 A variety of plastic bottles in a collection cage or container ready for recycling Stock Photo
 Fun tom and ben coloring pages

::::::::

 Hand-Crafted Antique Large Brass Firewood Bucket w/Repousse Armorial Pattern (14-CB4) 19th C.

::::::::

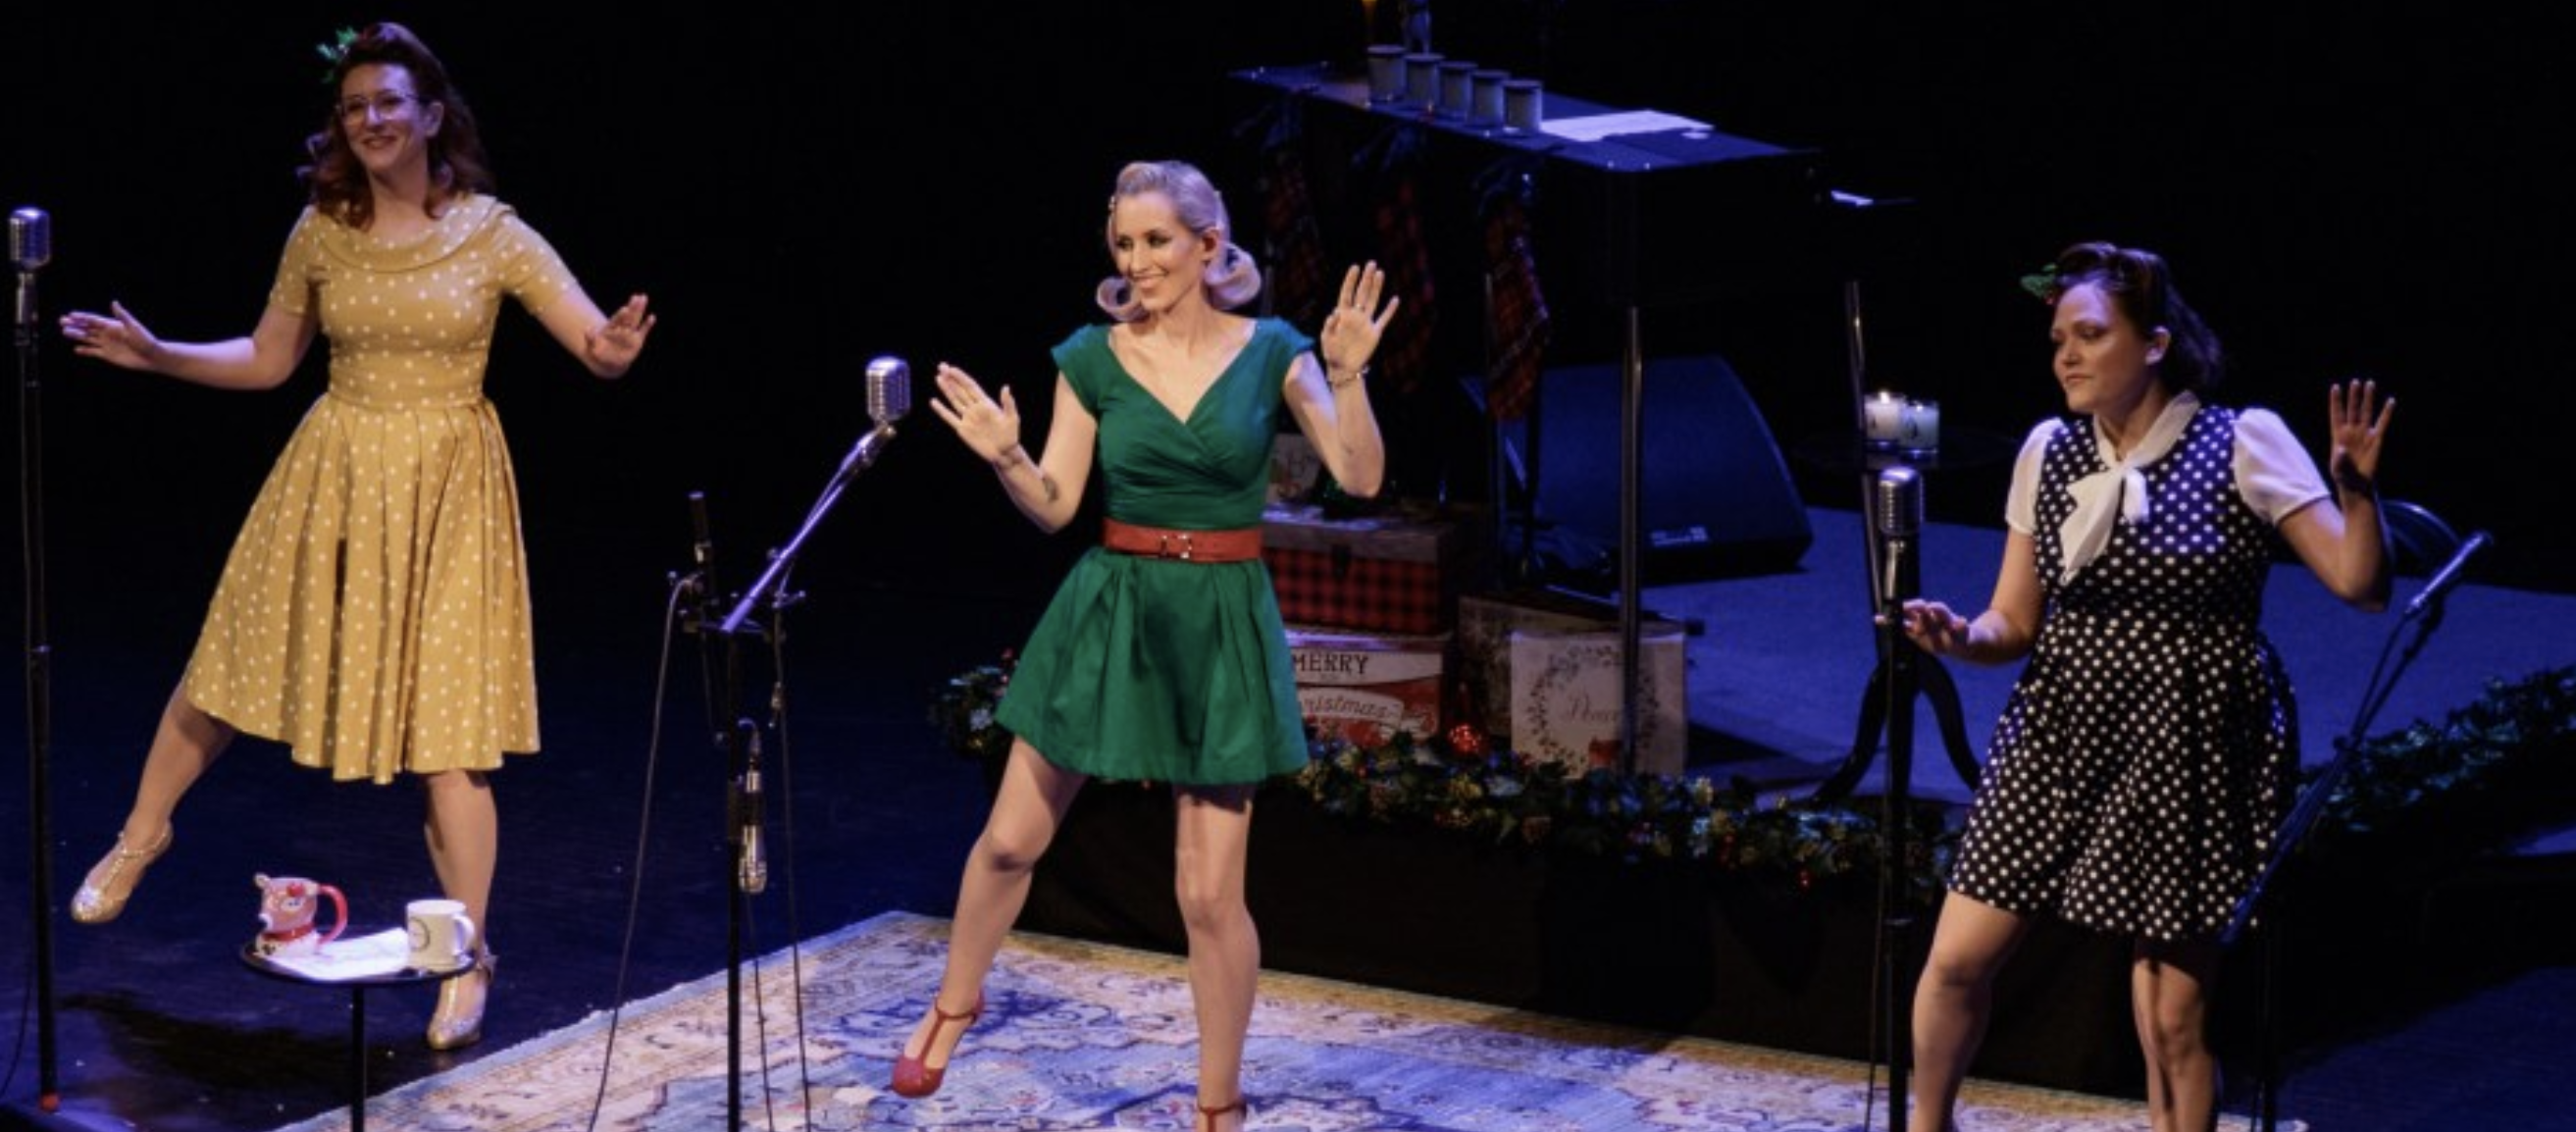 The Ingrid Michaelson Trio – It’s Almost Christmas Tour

::::::::

**WORK ORDER:**
Return exactly, and only, the lines above starting at the line that contains "A variety of" and ending at the line that contains "Fun tom and ben coloring pages".

**YOUR RESPONSE:**
 A variety of plastic bottles in a collection cage or container ready for recycling Stock Photo
 Fun tom and ben coloring pages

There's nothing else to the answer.